I did this by tying a knot onto the pipe cleaner near where it happened and pushing the thread
end inside of the layers of the scarf. Then I got a new piece of floss, tied a knot at
the end, and started it right on top of the last stitch I made… otherwise, there was
a hole along the side and I didn’t like the way that looked. Feel free to test out
other ways to do this more seamlessly. Once you reach the end, tie a little knot
along the side of your last blanket stitch so it stays up straight. Then, we’re going
to sew a line of running stitches across the scarf one inch from the end where we’ll
be cutting the fringe later. Push your needle between the layers of felt and up through
the front piece to start, pull the pin out if you need to, then stitch in an up and down
motion like this all the way across. When you get to the other side, make sure
that your last stitch is coming up from the back, then you’ll be in the perfect place
to continue your blanket stitch up the other side. If your pipe cleaner pokes out at any
point, just push it back in before you continue stitching. We’re getting so close to finishing this
project! Once you’ve finished your blanket stitches, sew one last row of running stitches
across the other end of the scarf – one inch from the end just like we did before. Then
you basically just have to figure out where to tie a knot to keep it all together. I tied
mine along the side, attached to the first blanket stitch we made earlier. Then, to hide the excess thread, I pushed
the needle between the layers of fabric and out on the back of the scarf to hide it, then
trimmed off the piece that stuck out. Remove all of the pins, then all we have to do is
cut some fringe! Using these tiny Martha Stewart detail scissors,
which are exactly the perfect length for this, I cut thin strips along each end of the scarf
to simulate the yarn fringe you’d see at the end of a cozy knit scarf. If you don’t
have detail scissors, you can use longer ones, just try to stop your cuts at the same length
every time and be careful not to cut into the stitches we made earlier. And now we’re finished! This is what my
scarf looks like.
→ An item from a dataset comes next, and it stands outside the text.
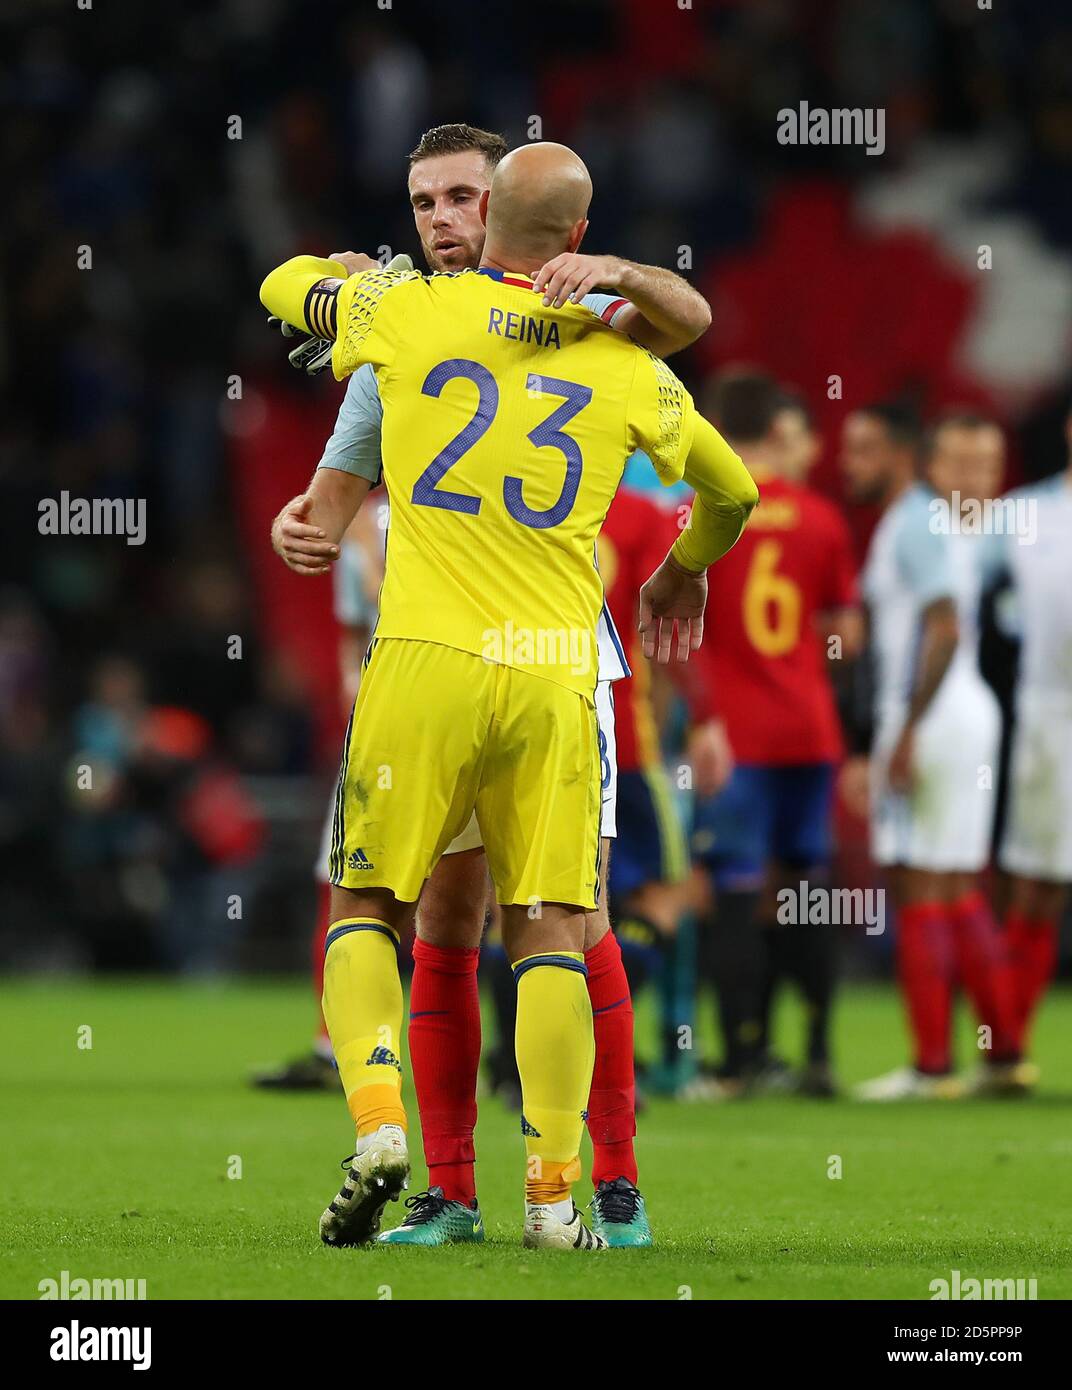 Spain goalkeeper Pepe Reina (right) hugs former club-mate England's Jordan Henderson after the game Stock Photo

To attach it to a plush toy, bend it around the toy’s neck and squeeze
it where you want it to stay like this and the pipe cleaners will lightly hold that position.
That way, you don’t have to sew it on to get it to stay and you can remove it and switch
it to another toy anytime you’d like! You could add one of these scarves to a stuffed
toy you give as a gift this season to make it a little bit more unique and even to give
a store-bought toy an added handmade touch! It’s like you’re dressing up someone’s
gift just for them! I love how this scarf turned out. It gives
this little guy a seasonal touch for the holidays and you can customize it however you want
by choosing different colors and even varying the embroidery design. If you decide to make
one yourself, i’d love to see how it comes out! send me a picture on twitter @laurenmyrtle
or use #laurenfairweather on instagram. I want to thank Simplicity for sponsoring
me on this video. It was such an easy project to make and it totally got me into the holiday
spirit! And if you do want to learn how to make this adorable fox plushie, be sure to watch
the video that I made over on simplicity’s channel where I’ll show you how to make it! Click
here to see that or check the video description for a link. Thanks for watching, happy holidays, and I’ll
see you soon.

32 thoughts on “DIY Snowflake Scarf for a Stuffed Toy

  1. did you make Captain Adorable there from basic quilting cotton? I love the choice of the simple print, super adorable!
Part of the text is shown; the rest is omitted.